Look at Marius Pudzianowski. He push presses. He does it for athletic purposes, clearly, as the push press, ATHLETICALLY speaking is much more practical than a strict military press, but whether he does it for mass or not.. are his shoulders small?


----------



## mike456 (Jul 17, 2007)

Push Presses and Military Presses are two different exercises. 
If you want to do a vertical press don't use your legs. 
If you want to do a power movement for your legs you can do push presses.


----------



## Witchblade (Jul 18, 2007)

Push presses are not for the legs. Jerks are.


----------



## fufu (Jul 18, 2007)

Well, no legs in an overhead press, but a push press is a great way to overload the eccentric portion of the overhead press and it could help to increase your strict press.


----------



## Andalite (Jul 18, 2007)

i dont use leg drive at all. only a little bit of it to absorb the shock when the bar comes down. but i dont use any leg work to push the bar up.


----------



## fufu (Jul 18, 2007)

For you guys that flex the hips and knees to absorb the force of the eccentric press, have brought into consideration that you may be using too much weight if you can't control the descent? I mean, technically I would call that cheating, because depending on how fast you let the bar drop, that is a large portion of the lift. 

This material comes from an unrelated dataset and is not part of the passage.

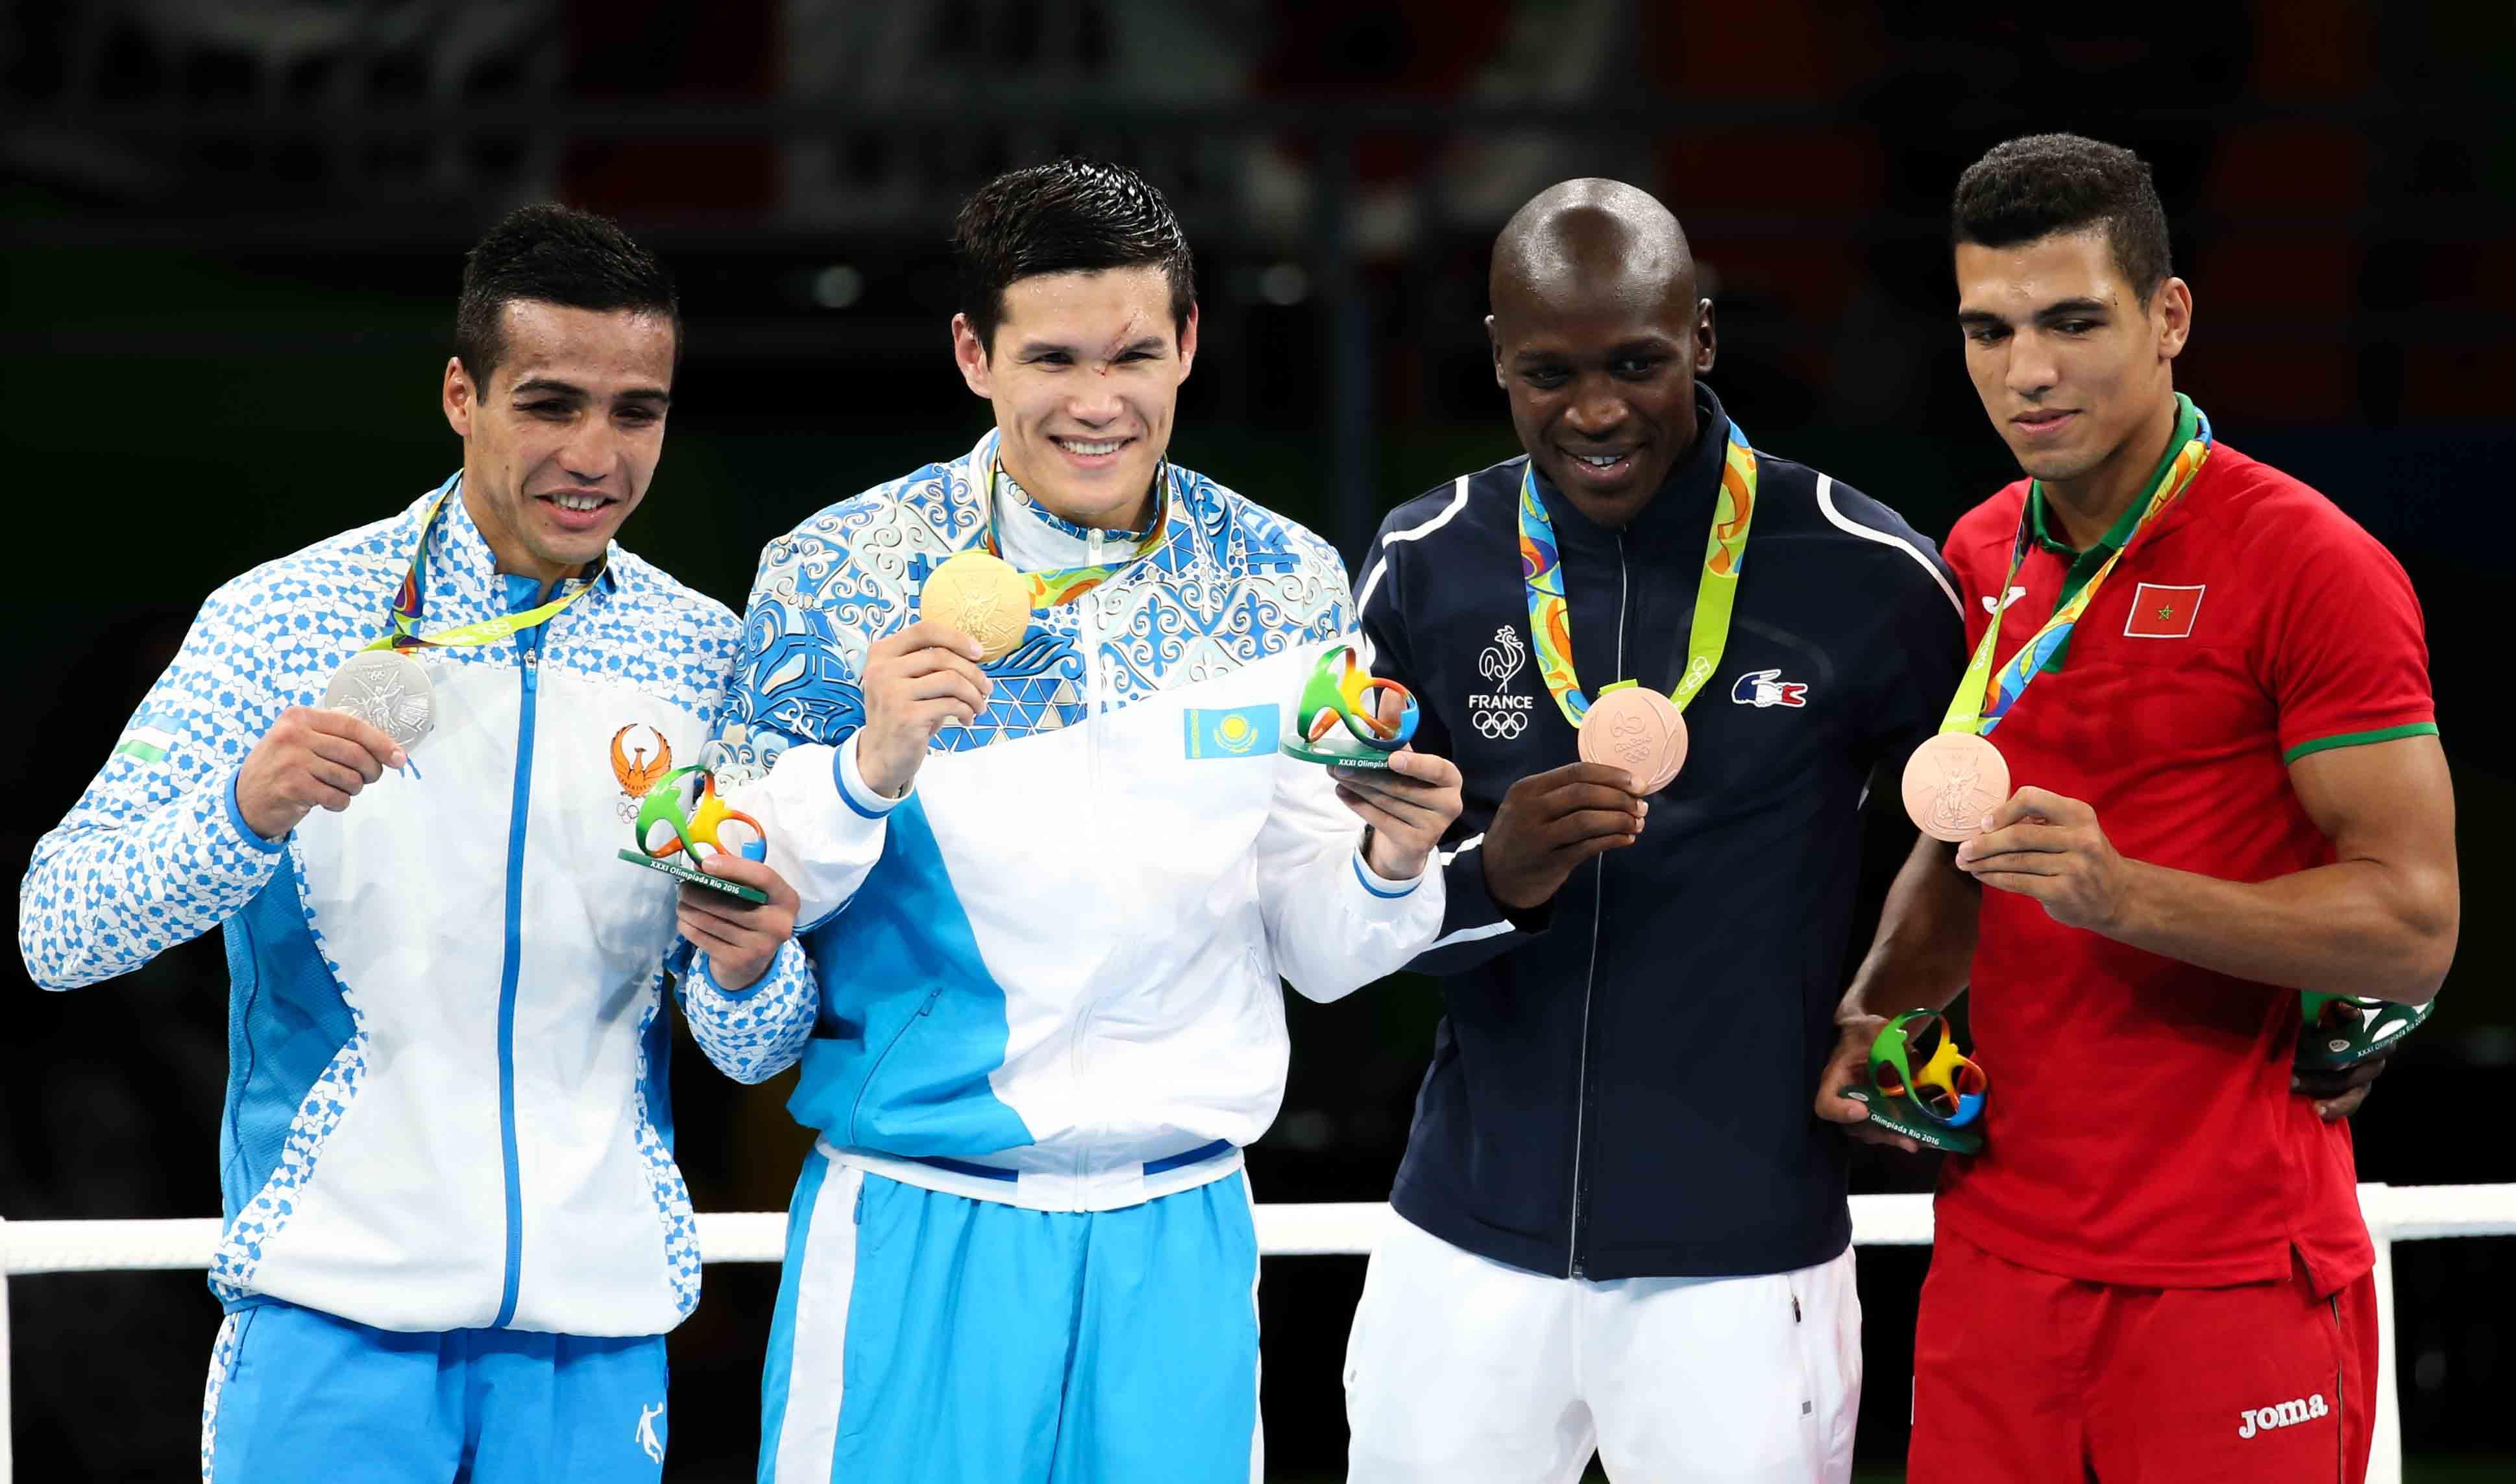 тут олимпийские чемпионы казахстана в рио фото самокате попал
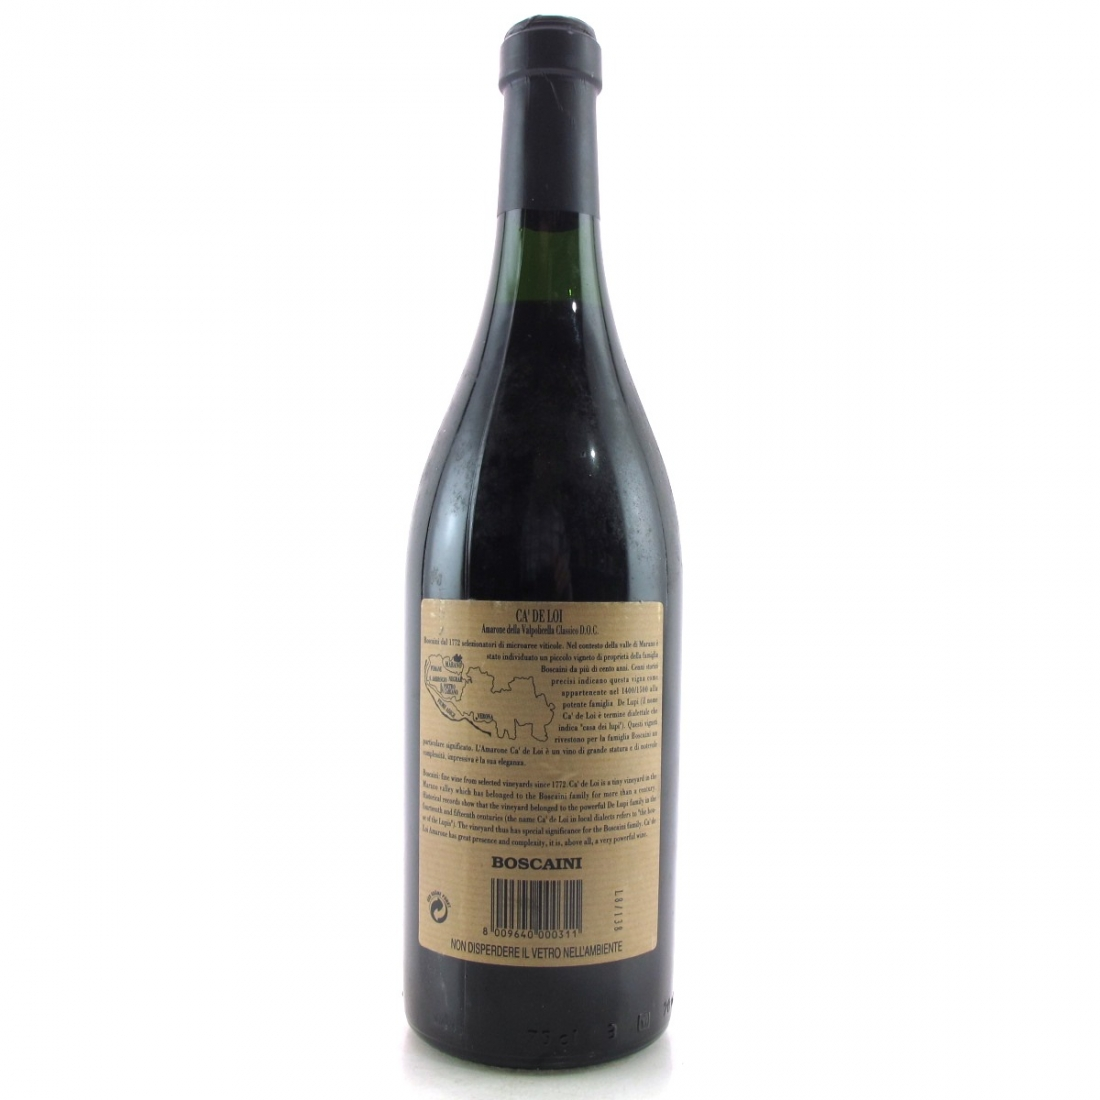 Boscaini 1993 Amarone

However I think it is kind of interesting that you do that since in my experience pressing the weight up has been alot tougher then controlling it downward.


----------



## Andalite (Jul 18, 2007)

fufu said:


> For you guys that flex the hips and knees to absorb the force of the eccentric press, have brought into consideration that you may be using too much weight if you can't control the descent? I mean, technically I would call that cheating, because depending on how fast you let the bar drop, that is a large portion of the lift.
> 
> However I think it is kind of interesting that you do that since in my experience pressing the weight up has been alot tougher then controlling it downward.


i like to control the weight dowards...not really a reg effect but basically controlled u know...and i use my legs to absorb the shock when and if i fail. otherwise, knees are just bent and remain that way


----------



## fufu (Jul 18, 2007)

^ not sure I entirely follow, but sounds good.


----------



## buening (Jul 25, 2007)

The only time i would use my legs as a shock absorber would be on the last rep to failure when a controlled negative is not possible. Otherwise, a controlled negative FTW.

You might hurt your ego if you go from push presses to military presses


----------



## VILBAUGH (Jul 30, 2007)

I love to military press, push press and push jerk, all three are great movements and compliment eachother very well. and hell yes they will "destroy your delts"


----------



## VILBAUGH (Jul 30, 2007)

if your goal is to lift a load overhead, you would be cheating yourself by pressing strictly, as the jerk is by far the most efficient of the three.


----------



## CowPimp (Jul 30, 2007)

VILBAUGH said:


> if your goal is to lift a load overhead, you would be cheating yourself by pressing strictly, as the jerk is by far the most efficient of the three.



Well yeah, but most people's goals are not "to lift a load overhead."  Lifting the load overhead is merely a means to another end, like increasing the size of their deltoids.


----------